Content starts

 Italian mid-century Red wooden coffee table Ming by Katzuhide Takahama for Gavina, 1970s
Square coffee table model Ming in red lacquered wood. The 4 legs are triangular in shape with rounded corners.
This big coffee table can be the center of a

Content ends
Content starts

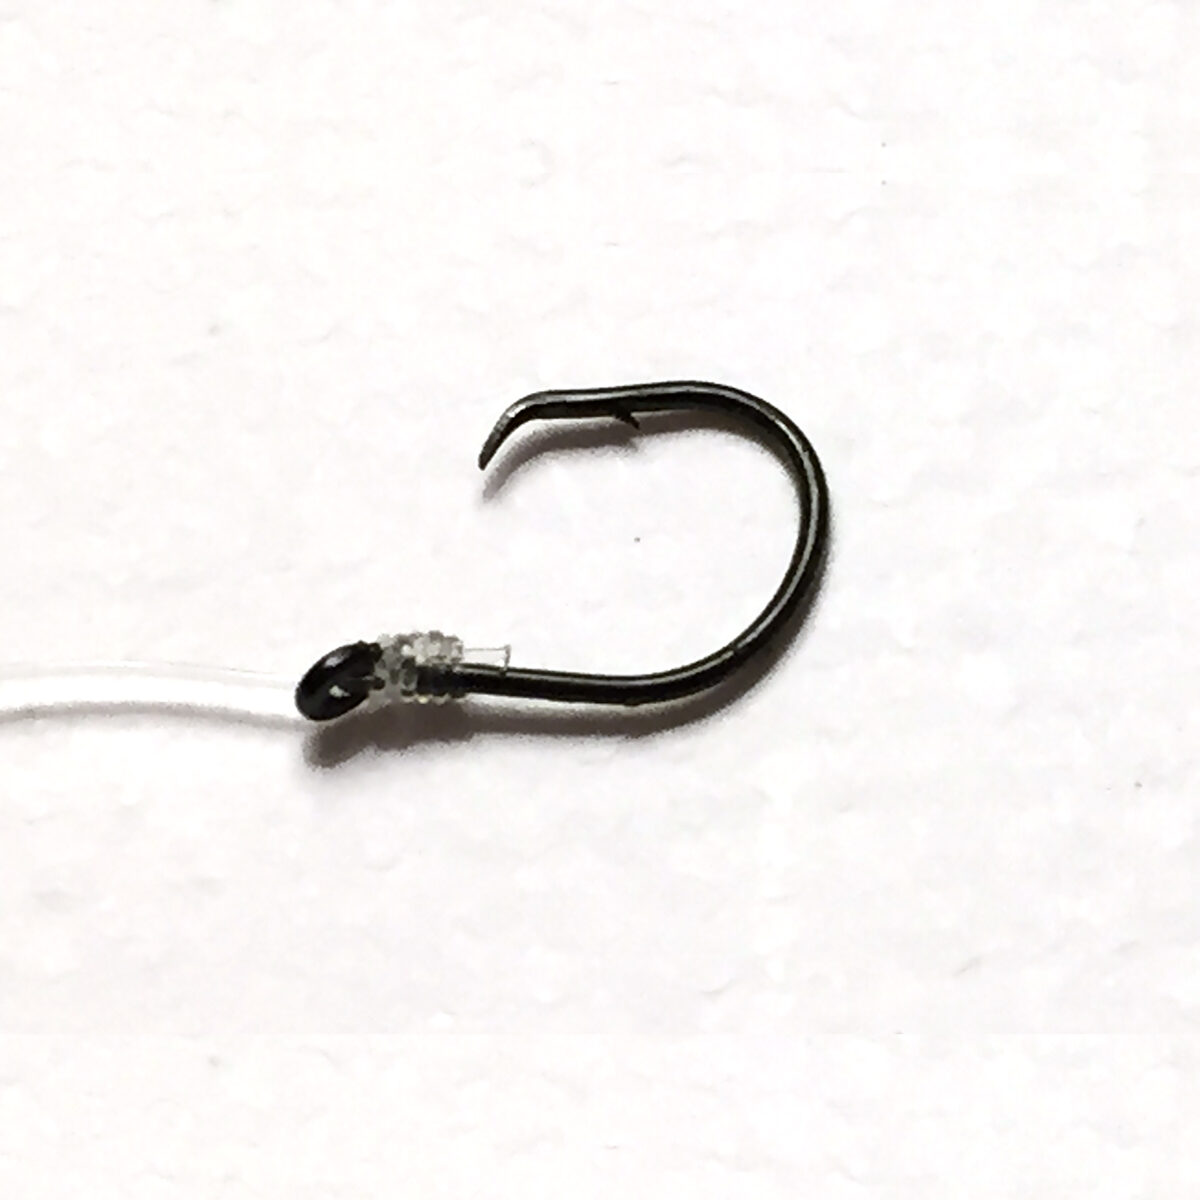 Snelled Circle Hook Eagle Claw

Content ends

What you should do:
In the listing above, find each line with the word "table" and copy it out.

Answer section:
 Italian mid-century Red wooden coffee table Ming by Katzuhide Takahama for Gavina, 1970s
Square coffee table model Ming in red lacquered wood. The 4 legs are triangular in shape with rounded corners.
This big coffee table can be the center of a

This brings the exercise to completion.